Whilst we do not defend or endorse China’s business model, we do believe that over

the next five years, increasing number of other countries would start resembling

China, not because either people or the governments think that it is the right business model,

but because increasingly there are no other palatable alternatives. We essentially view public

sector hyperactivity as politics responding to a popular desire for salvation by gradually

building ‘bridges’ towards the ‘new world’. At some stage societies, economies and

technology would broadly line up. At that point, productivity growth rates would significantly

accelerate. However, this could be several decades away and in the meantime alternatives to

public sector could be either war or even more extreme societal moves towards communism,

fascism or feudalism.

What about China itself? The truly ironic twist is that whilst the rest of the world is looking

for ways to imitate what essentially is a state-driven Chinese model, China (having practiced

it for two decades) is attempting to extricate itself from its debt-fuelled investment-led growth.

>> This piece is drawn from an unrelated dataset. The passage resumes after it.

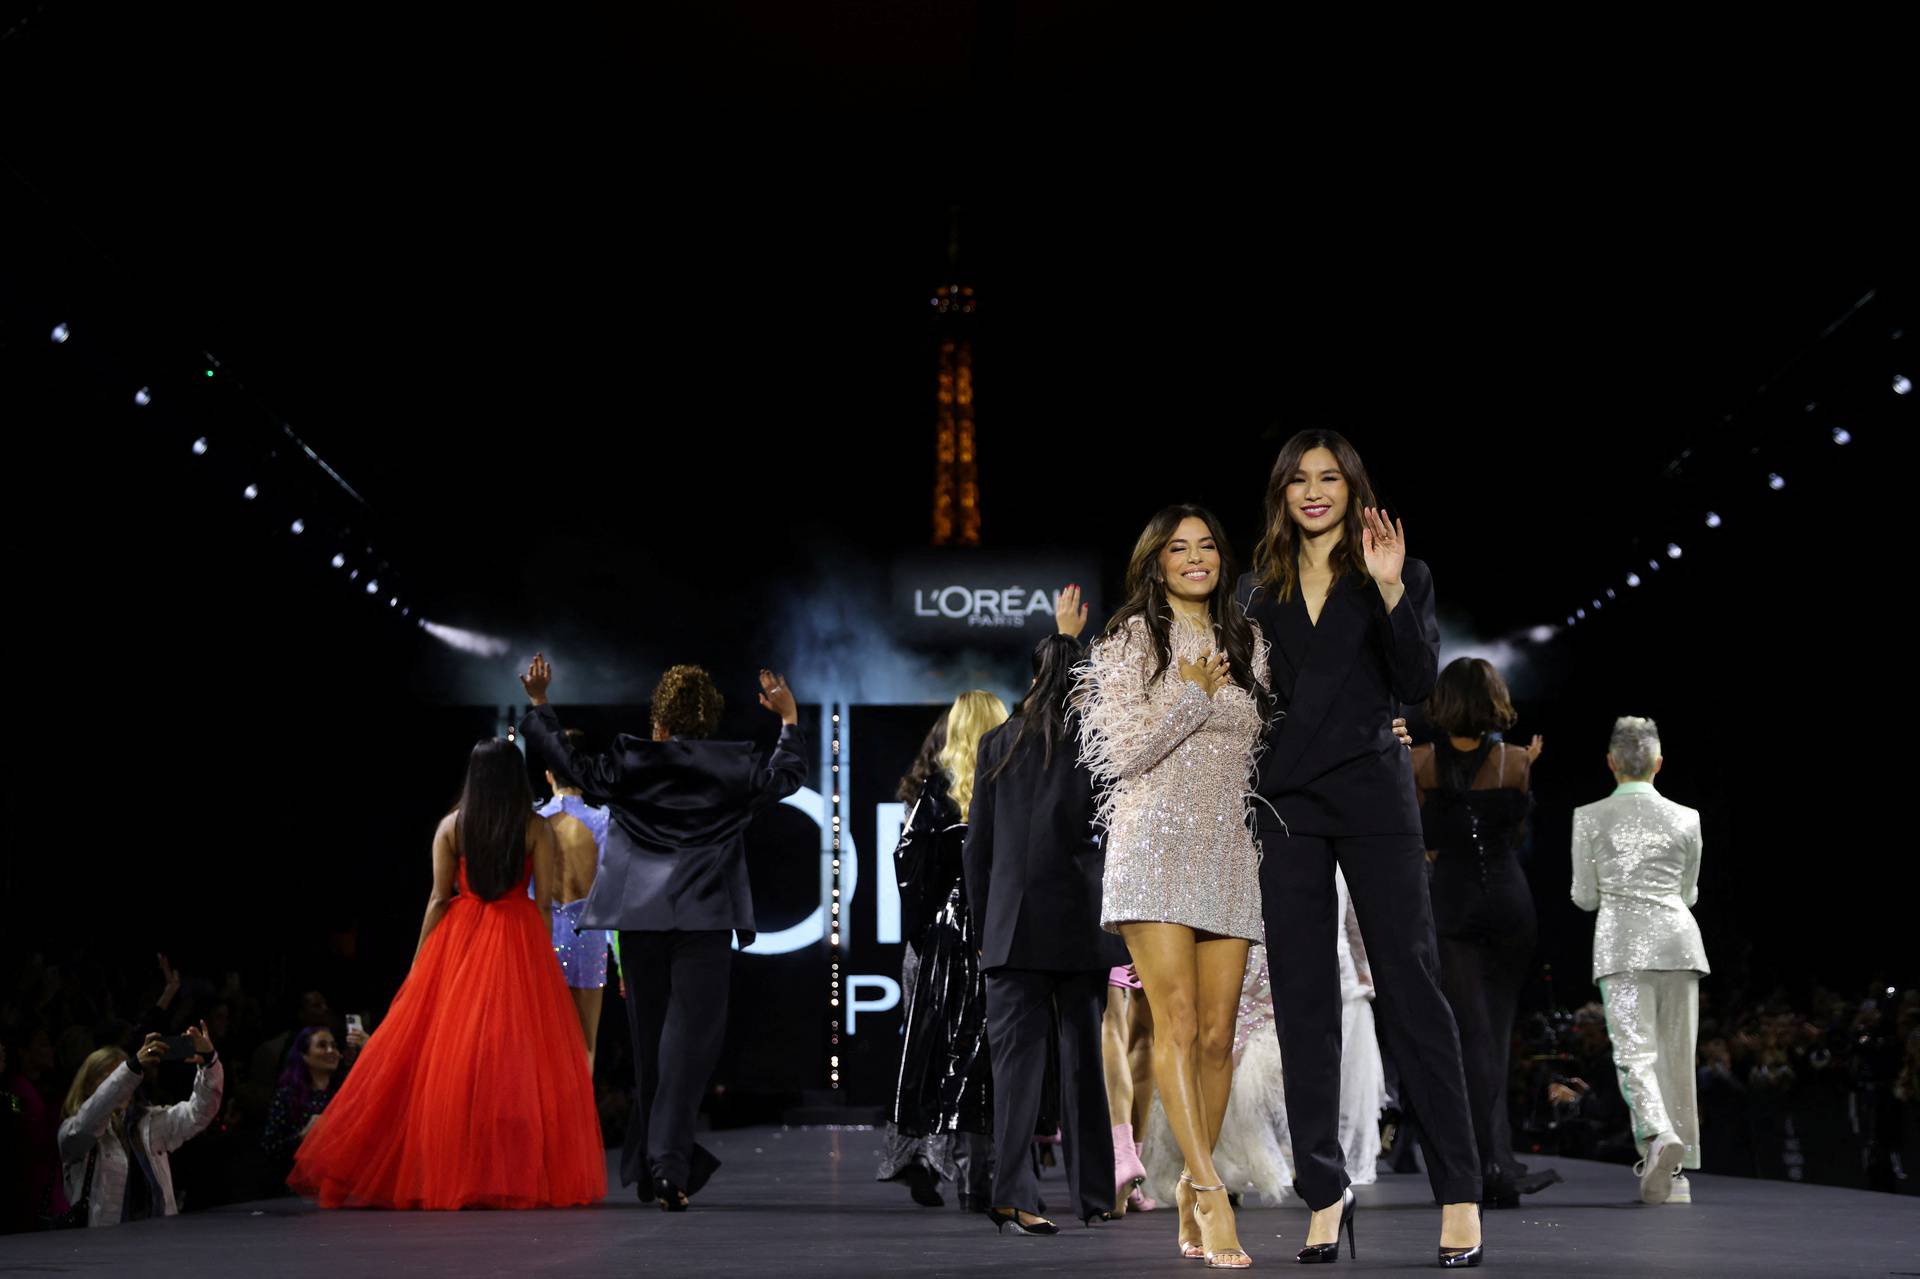 L'Oreal event show as part of Paris Fashion Week in Paris

Unfortunately, having embraced public sector activism, it is almost impossible to exit, as

private sector and its signals atrophy and have difficulty standing on their own feet (witness

the challenge the West experienced in the 1970s-early 80s in exiting its own period of state

dominance and resultant stagflation).

In our view, the key challenge facing China is how to reduce importance of supply and value

chains that are likely to become much less valuable and how to accumulate sufficient ‘social

and human’ capital. As discussed in our recent note (What caught my eye? v.56 - Capital –

Time for a vegetarian diet? 11 May 2016), we believe that the key for China over the next

several years is to alter where it invests. Instead of acting as project managers, the state

should act as a steward of national resources. This involves investing in ‘small buckets’ that

accumulate into oceans, rather than focusing on large projects. The investment flows also

needs to be re-directed into ‘softer areas’, rather than infrastructure or real estate.

We also maintain that China needs to significantly accelerate a move up the value chain and

foster much more robust accumulation of ‘social rather than physical capital’. As discussed

above, the next five to ten years are likely to witness an accelerated shift in value allocation

away from countries that were the largest beneficiaries of globalization and proliferation of

past technologies and far more towards ‘zero to one’. Whilst the state is becoming more

dominant in most countries, its position in China is uniquely formidable. Unless the system

changes, is it possible for China to significantly accelerate accumulation of social capital

whilst reducing the importance of global supply and value chains? It is not clear whether it is

possible; however, experience over the last three decades would suggest not to

underestimate China’s ability to adapt. One possible answer is to institute nation-wide

minimum income guarantee (fully paid by cutting the final tenuous umbilical cord that still

separates fiscal and monetary policies). This should not only help to re-balance the economy

but also accelerate transition towards higher value-added ‘knowledge-based’ industries and

sectors.

So is China a ‘shining city upon a hill’? The answer is yes and no. In the short-to-medium

term, it is very likely that most economies would (reluctantly) continue to embrace China’s

style of state control and importance of public sector in stimulation of aggregate demand.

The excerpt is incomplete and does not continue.